Core Concepts
Weakly basic small molecule drugs exhibit slow intracellular diffusion and accumulation in lysosomes, which can reduce their cellular activity and efficacy.
Abstract
The study investigated the intracellular diffusion and distribution of a series of small molecule fluorescent drugs and proteins in HeLa cells. Key findings:
Acidic and neutral proteins diffused freely in the HeLa cell cytoplasm, with diffusion coefficients (Dconfocal) of 18-30 μm²/s and complete FRAP recovery.
Negatively charged small molecules like fluorescein and CCF2 also diffused relatively rapidly in cells, with Dconfocal values reduced by 2-3 fold compared to buffer due to cellular crowding.
In contrast, weakly basic small molecule drugs like the GSK3 inhibitor, quinacrine, mitoxantrone, primaquine, and amidoquine exhibited 10-20 fold slower diffusion (Dconfocal of 0.2-2 μm²/s) and lower fractional recovery after FRAP (0.2-0.5) compared to the acidic/neutral molecules.
The slow diffusion and low FRAP recovery of basic drugs correlated with their sequestration in acidic organelles, particularly lysosomes, due to cationic ion trapping.
Blocking lysosomal acidification with Bafilomycin A1 or sodium azide only slightly improved the diffusion and FRAP recovery of the basic drugs.
In contrast, blocking protonation by N-acetylation greatly enhanced the diffusion and FRAP recovery of the basic drugs, suggesting that protonation is the primary cause of their slow intracellular diffusion.

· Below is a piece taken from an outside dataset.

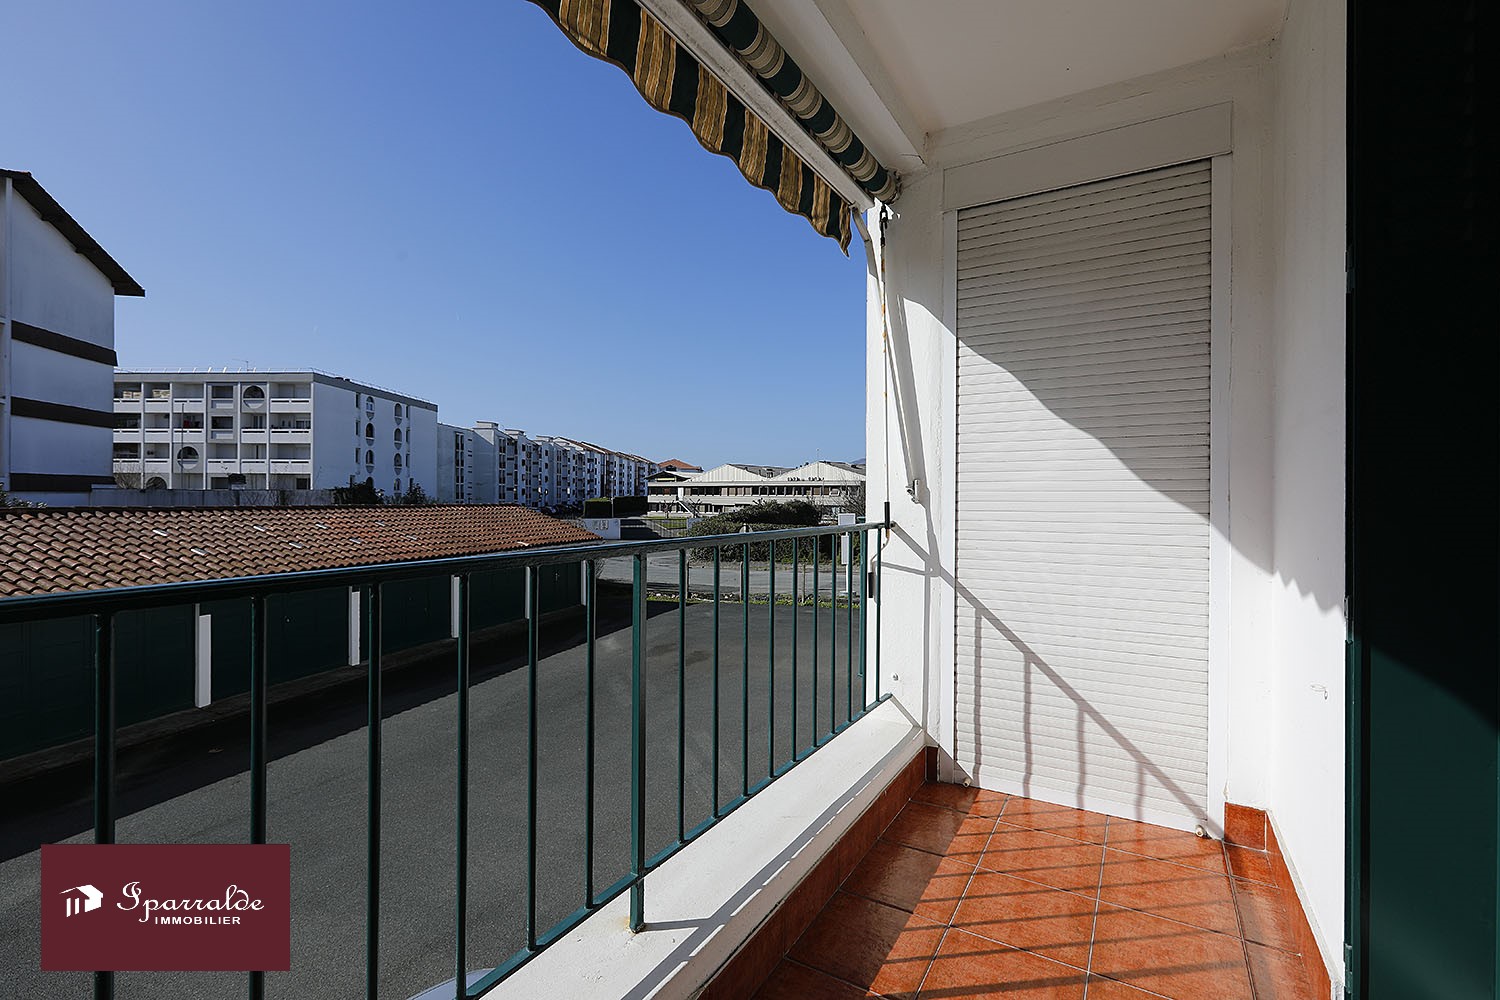 À acheter à Hendaye (64) : appartement T3 de 56m² avec balcon, cave et garage.

The findings highlight an important limitation in the standard rules for small molecule drug design, as the "stickiness" of basic drugs within the cell cytoplasm is not considered. Modulating the protonation state of basic drugs may improve their intracellular availability and distribution.
Stats
Fluorescein in PBS: Dconfocal = 56.5 ± 2.4 μm²/s
Fluorescein in HeLa cytoplasm: Dconfocal = 38.5 ± 2.0 μm²/s
GSK3 inhibitor in PBS + 50 mg/mL BSA: Dconfocal = 24.3 ± 0.5 μm²/s
GSK3 inhibitor in HeLa cytoplasm: Dconfocal = 0.61 ± 0.03 μm²/s
Quinacrine in PBS: Dconfocal = 41.9 ± 3.0 μm²/s
Quinacrine in HeLa cytoplasm: Dconfocal = 2.5 ± 0.1 μm²/s
Quotes
"While all proteins diffused freely, we found a strong correlation between pKa and the intracellular diffusion and distribution of small molecule drugs."

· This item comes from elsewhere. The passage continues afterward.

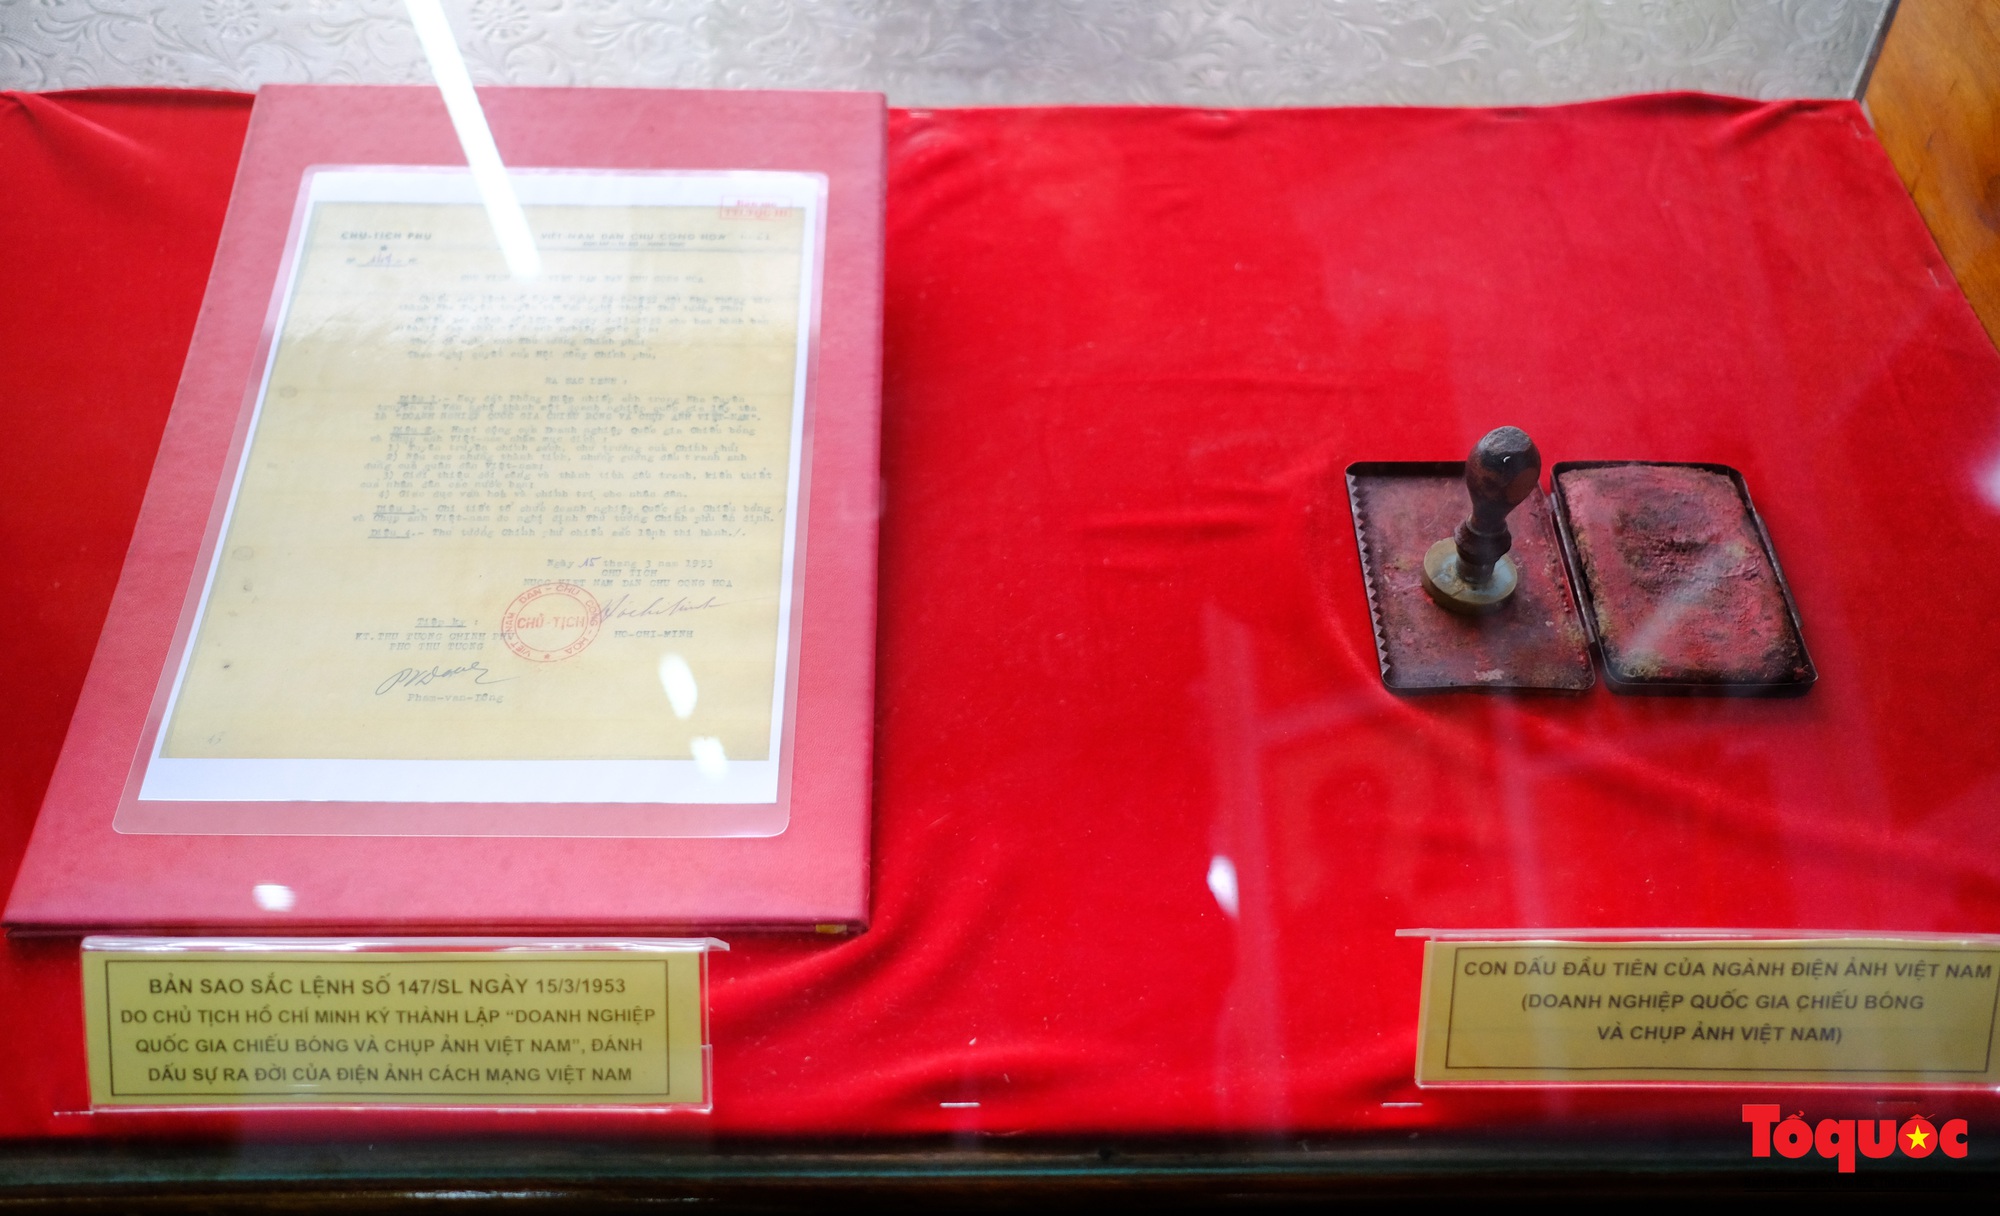 Hơn 200 tư liệu, hiện vật quý được trưng bày kỷ niệm 70 năm Điện ảnh Cách mạng Việt Nam - Ảnh 5.

"Weakly basic, small-molecule drugs displayed lower fractional recovery after photobleaching and 10-to-20-fold slower diffusion rates in cells than in aqueous solutions."
"Protonation, facilitates the formation of membrane impermeable ionic form of the weak base small molecules. This results in ion trapping, further reducing diffusion rates of weakly basic small molecule drugs under macromolecular crowding conditions where other nonspecific interactions become more relevant and dominant."